Excerpted data:
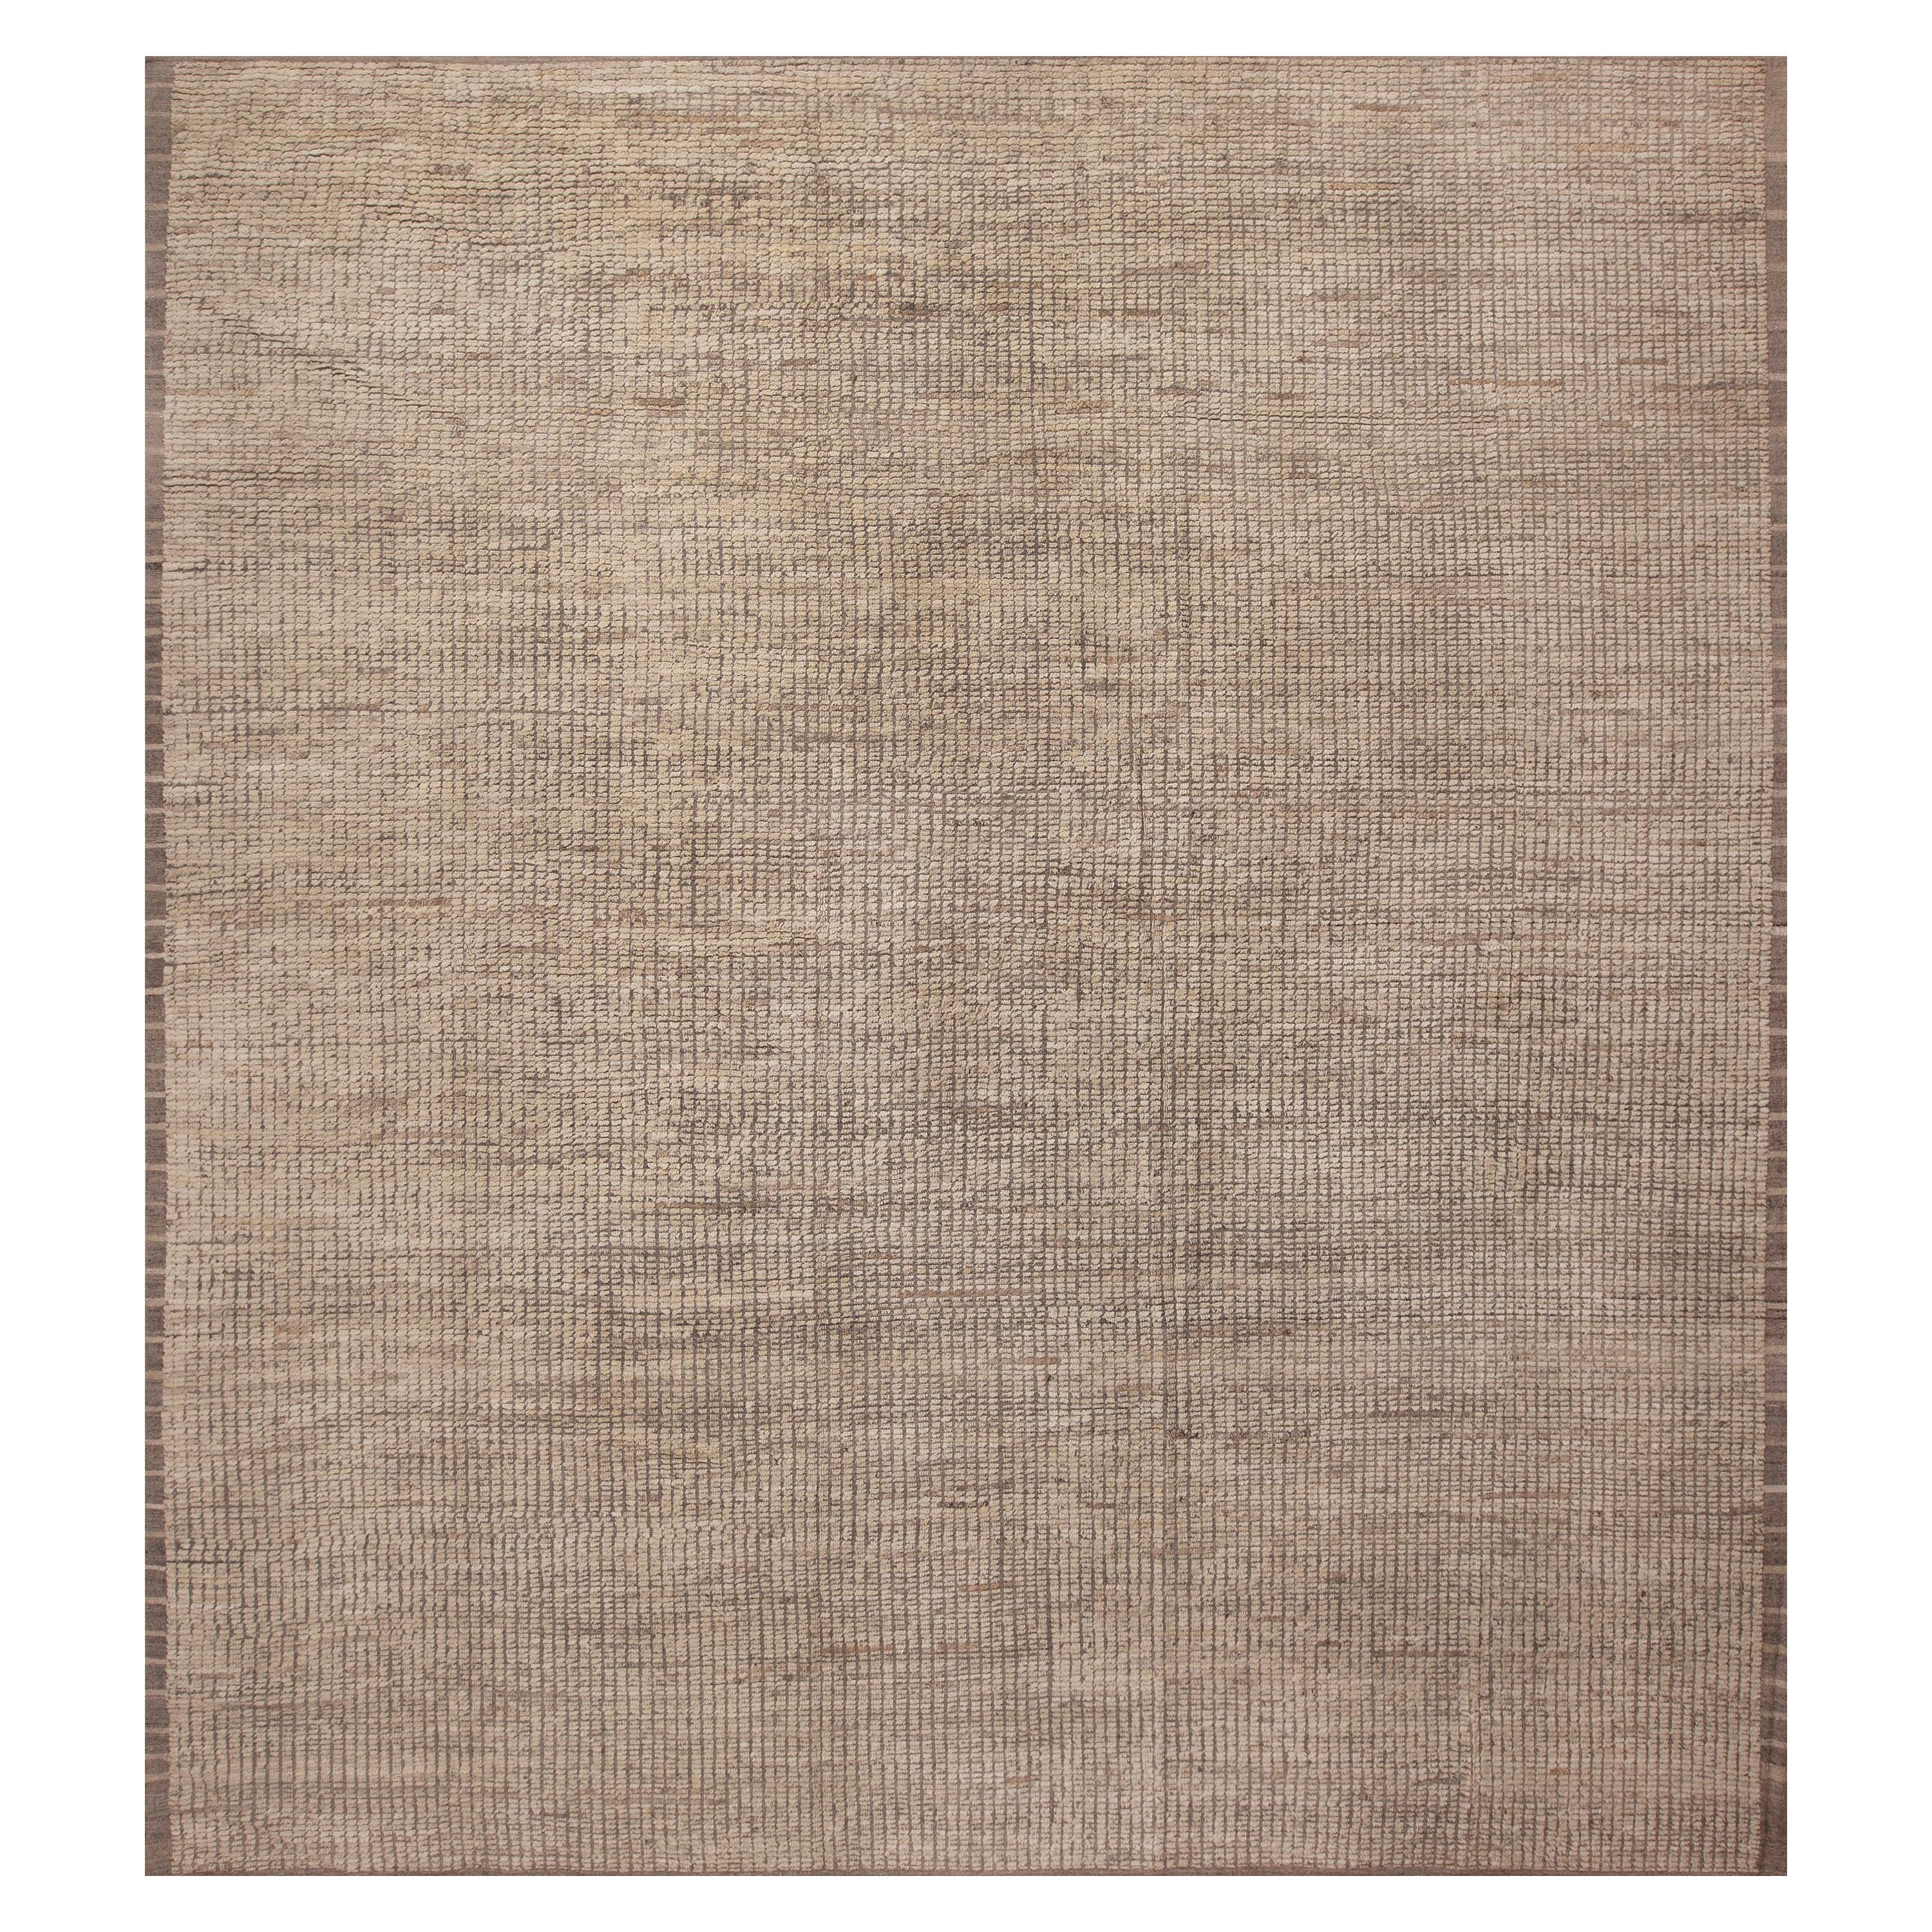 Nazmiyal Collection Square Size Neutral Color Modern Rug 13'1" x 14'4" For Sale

--

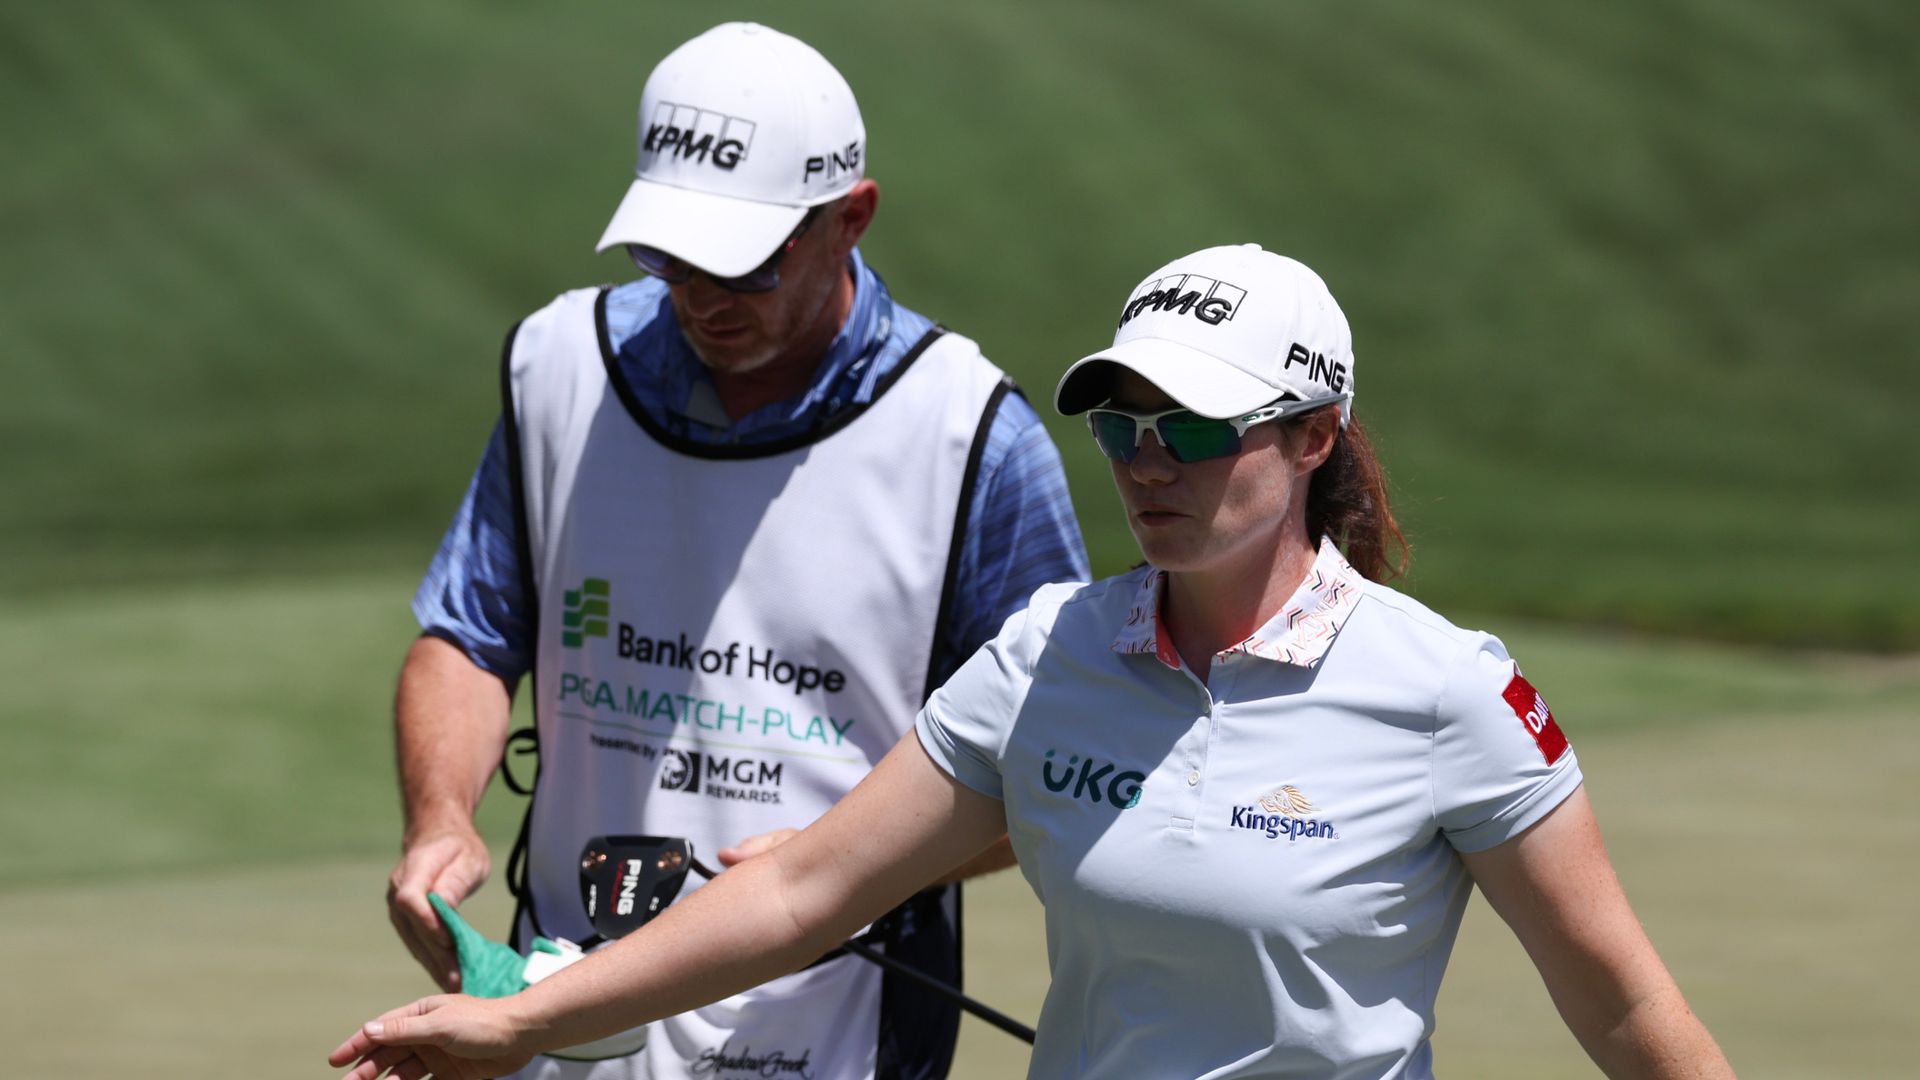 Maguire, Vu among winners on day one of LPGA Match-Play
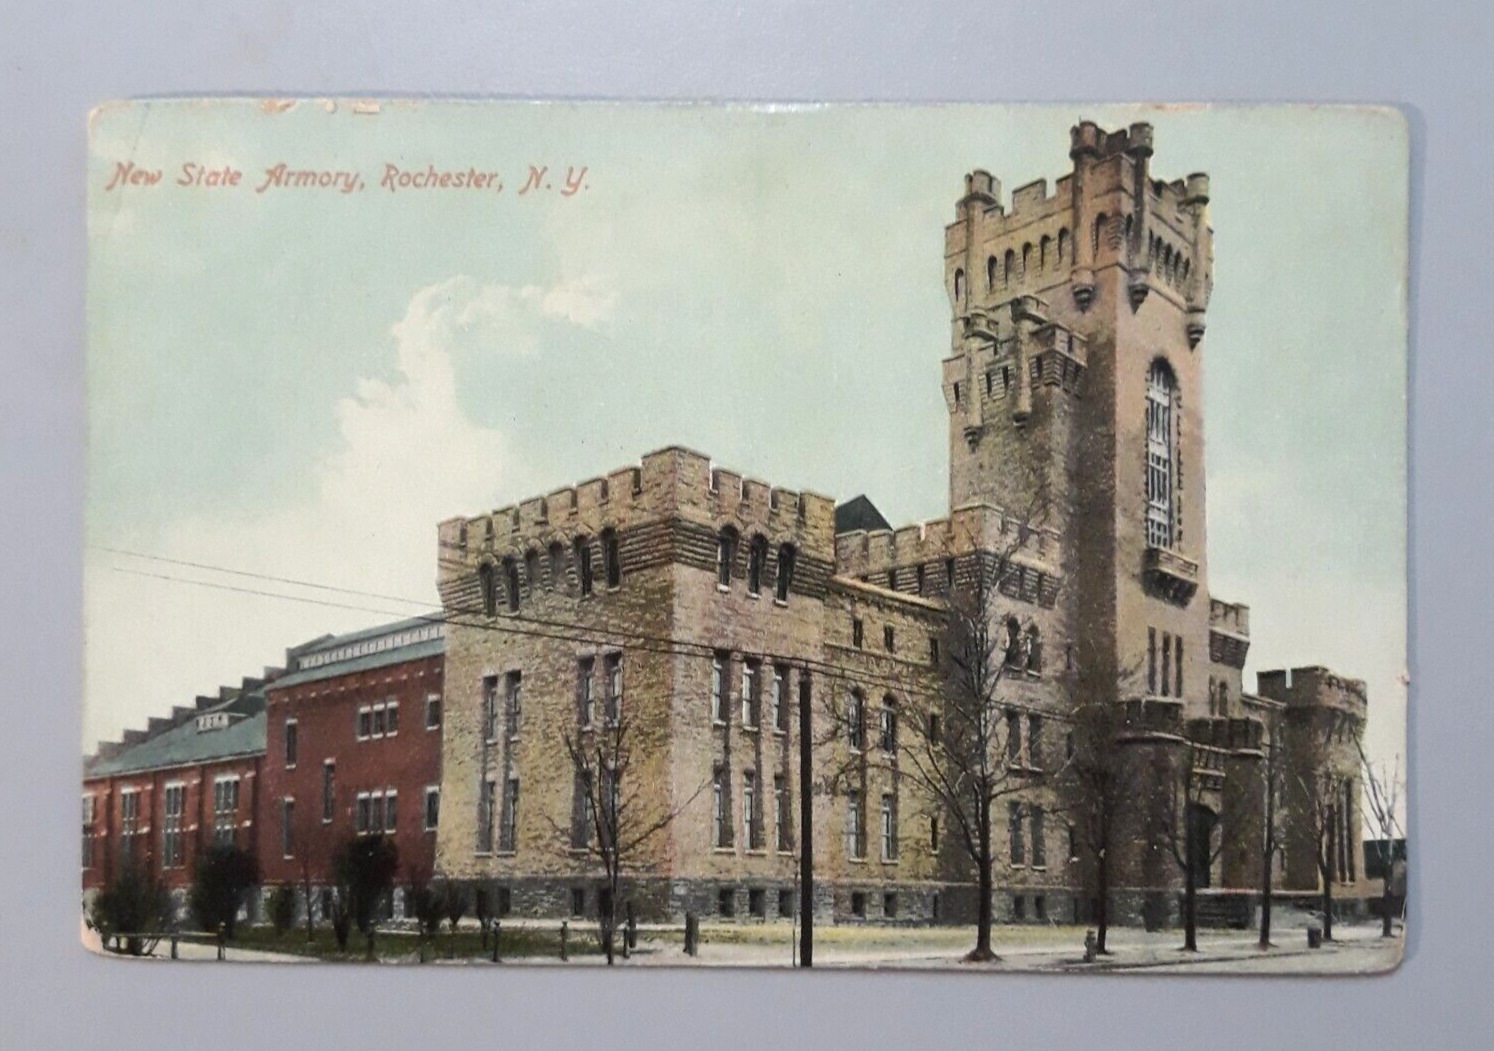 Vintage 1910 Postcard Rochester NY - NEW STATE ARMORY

--

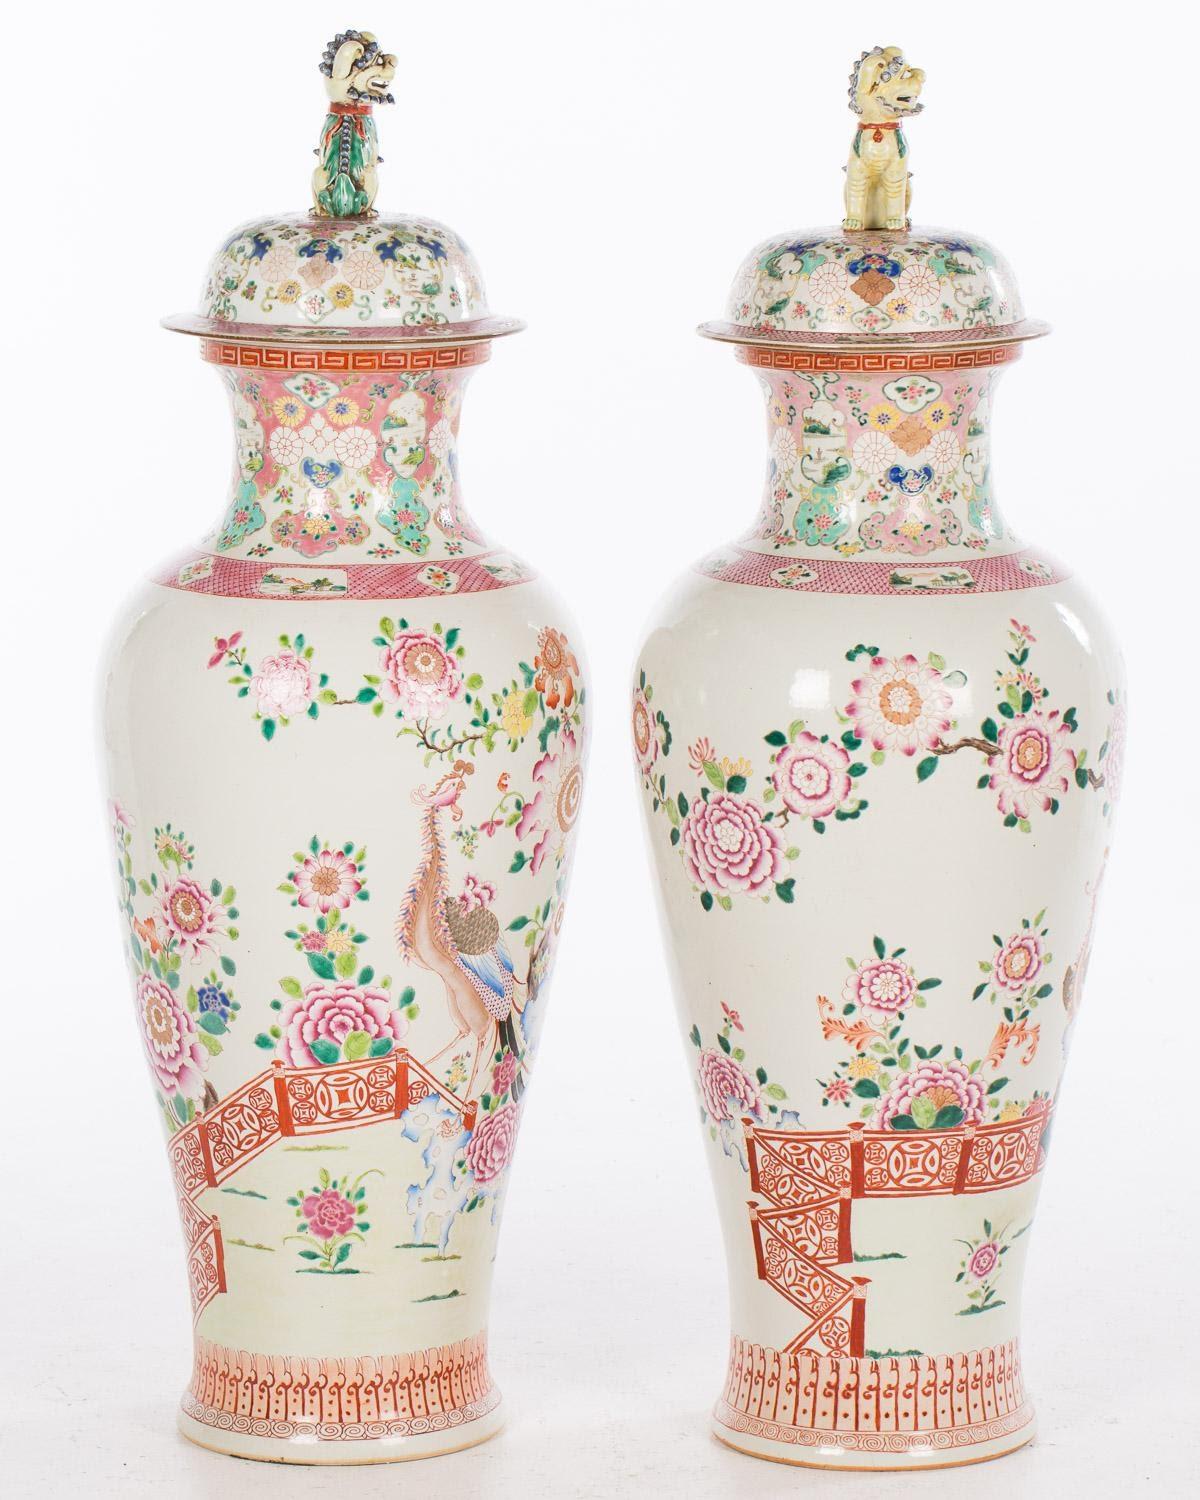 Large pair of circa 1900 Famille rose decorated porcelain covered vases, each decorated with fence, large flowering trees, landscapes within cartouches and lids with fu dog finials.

Try it: Pictures excluded, transcribe the listing above exactly from the line with "Maguire, Vu among" through the line with "Vintage 1910 Postcard", and no further.

Task output:
 Maguire, Vu among winners on day one of LPGA Match-Play
 Vintage 1910 Postcard Rochester NY - NEW STATE ARMORY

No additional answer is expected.